Let ${G=(V,E)}$ be a ${d}$-regular undirected graph, ${L}$ its normalized Laplacian, ${0 = \lambda_1 \leq \cdots \leq \lambda_n \leq 2}$ be the Laplacian eigenvalues, and ${\phi_k(G)}$ be the order-${k}$ expansion of ${G}$.

We want to prove

$\displaystyle \phi_k (G) \leq O(k^{3.5}) \cdot \sqrt{\lambda_k}$

We will prove the somewhat stronger result that, given ${k}$ orthonormal vectors ${{\bf x}^{(1)}, \ldots, {\bf x}^{(k)}}$, we can find ${k}$ disjointly supported vectors ${{\bf y}^{(1)}, \ldots, {\bf y}^{(k)}}$ such that, for every ${i=1,\ldots, k}$,

$\displaystyle R_L( {\bf y}^{(i)} ) \leq O(k^7) \cdot \max_{j=1,\ldots,k} \ \ R_L({\bf x}^{(i)} )$

In order to do that, we define the mapping

$\displaystyle F(v) := ( x^{(1)}_v , \ldots, x^{(k)}_v ) \ \ \ \ \ (1)$

of vertices to ${{\mathbb R}^k}$ and the normalized distance

$\displaystyle dist(u,v) := \left \| \ \frac {F(u)} { ||F(u) ||} - \frac {F(v)} { ||F(v) ||} \right \| \ \ \ \ \ (2)$

between vertices, and we are going to prove the following two lemmas.
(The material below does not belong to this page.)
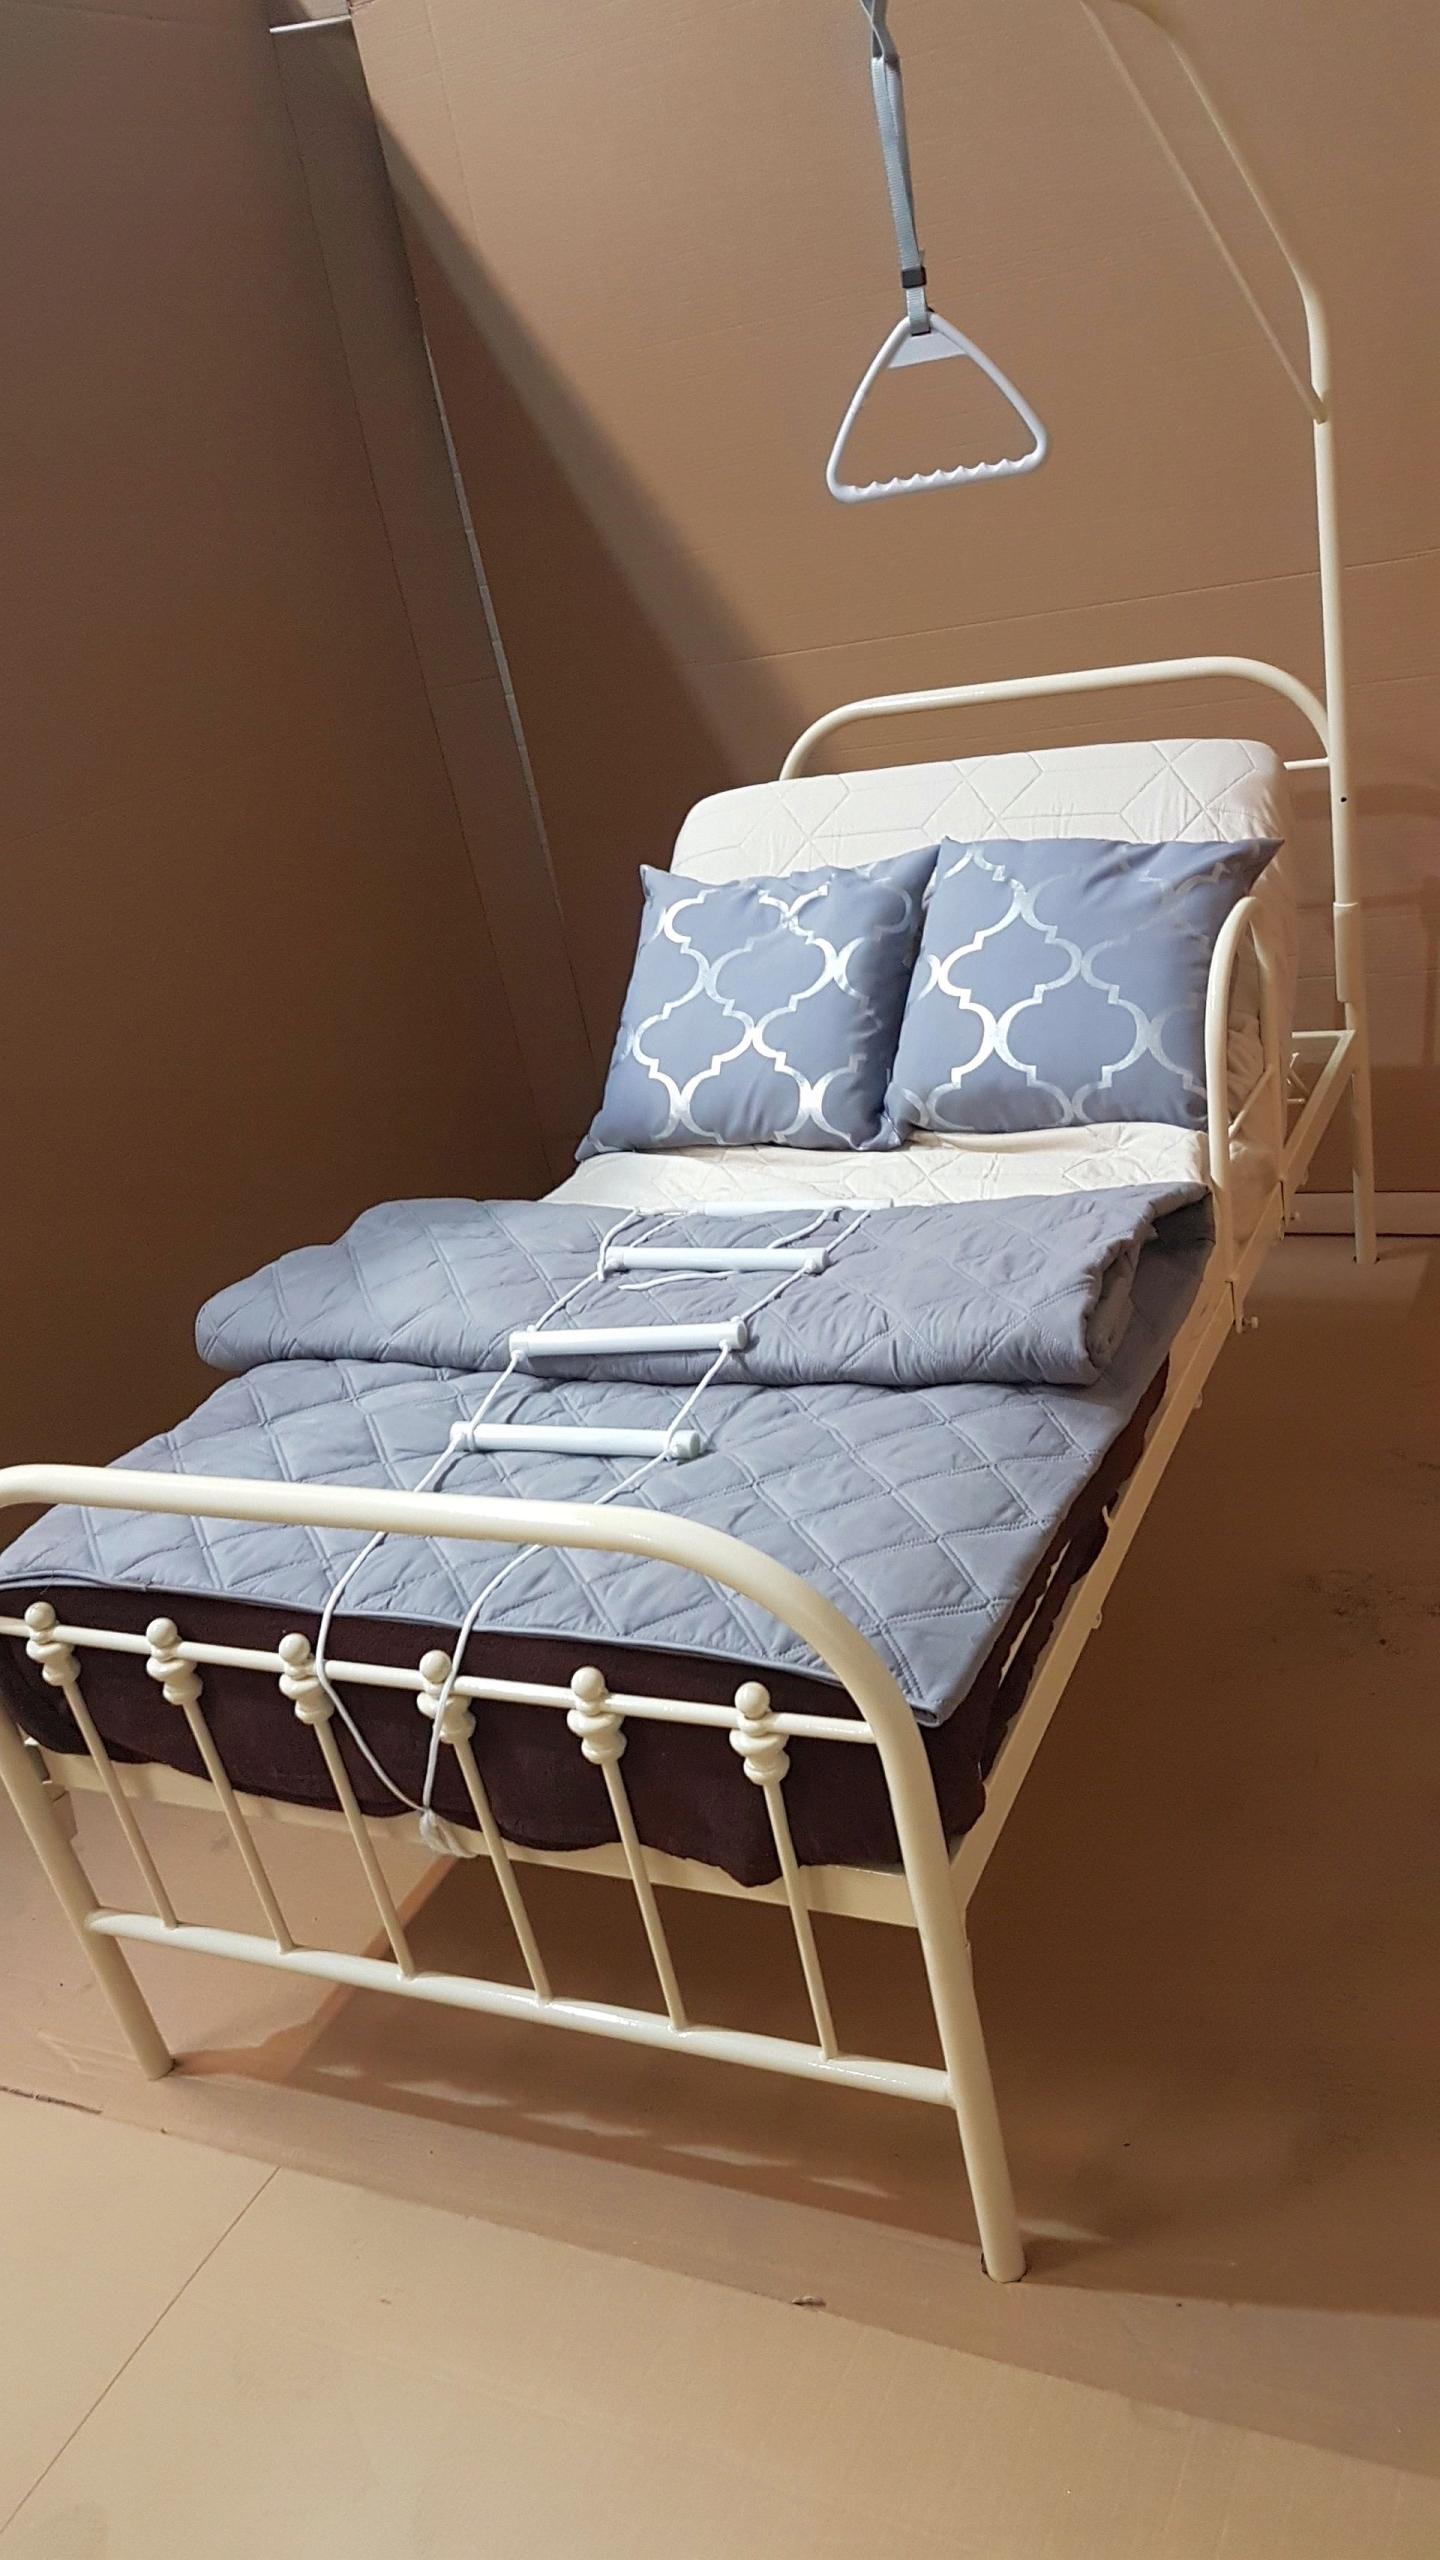 łóżko Dla Seniora 90x200 Wysięgnik Poręcz

Lemma 1 (Localization) Given ${t}$ sets ${A_1,\ldots,A_t}$ such that, for every ${i=1,\ldots, t}$, ${\sum_{v \in A_i} || F(v)||^2 \geq \frac 12}$ and,for every ${u,v}$ in different sets ${dist(u,v) \geq \delta}$, we can construct ${t}$ disjointly supported vectors ${{\bf y}^{(1)},\ldots, {\bf y}^{(t)}}$ such that for every ${i=1,\ldots, t}$, we have

$\displaystyle R_L( {\bf y}^{(t)} ) \leq O(k \cdot \delta^{-2}) \cdot R_L(F)$

Lemma 2 (Well-Separated Sets) There are ${k}$ disjoint subsets of vertices ${A_1,\ldots, A_k}$ such that

• For every ${i=1,\ldots,k}$, ${\sum_{v\in A_i} ||F(v)||^2 \geq \frac 12}$
• For every ${u}$ and ${v}$ belonging to different sets, ${dist(u,v) \geq \Omega(k^{-3})}$

Recall that, for a function ${f: V \rightarrow {\mathbb R}^k}$ the Rayleigh quotient of ${f}$ is defined as

$\displaystyle R_L(f) := \frac { \sum_{ \{ u,v \}} || f(u) - f(v) ||^2 } {d \sum_v || f(v)||^2 }$

and, by definition of ${F}$, we have

$\displaystyle R_L(F) = \frac 1 k \sum_i R_L( {\bf x}^{(i)} )$

2. Some Preliminaries

We will prove some simple properties of the embedding ${F(\cdot)}$ and of the distance function ${dist(\cdot,\cdot)}$.

First, we observe that

$\displaystyle \sum_{v\in V} ||F(v)||^2 = \sum_v \sum_i (x^{(i)}_v)^2 = \sum_i || {\bf x}^{(i)} ||^2 = k$

Next, we prove the sense in which ${F(\cdot)}$ “spreads out” vertices across ${{\mathbb R}^k}$.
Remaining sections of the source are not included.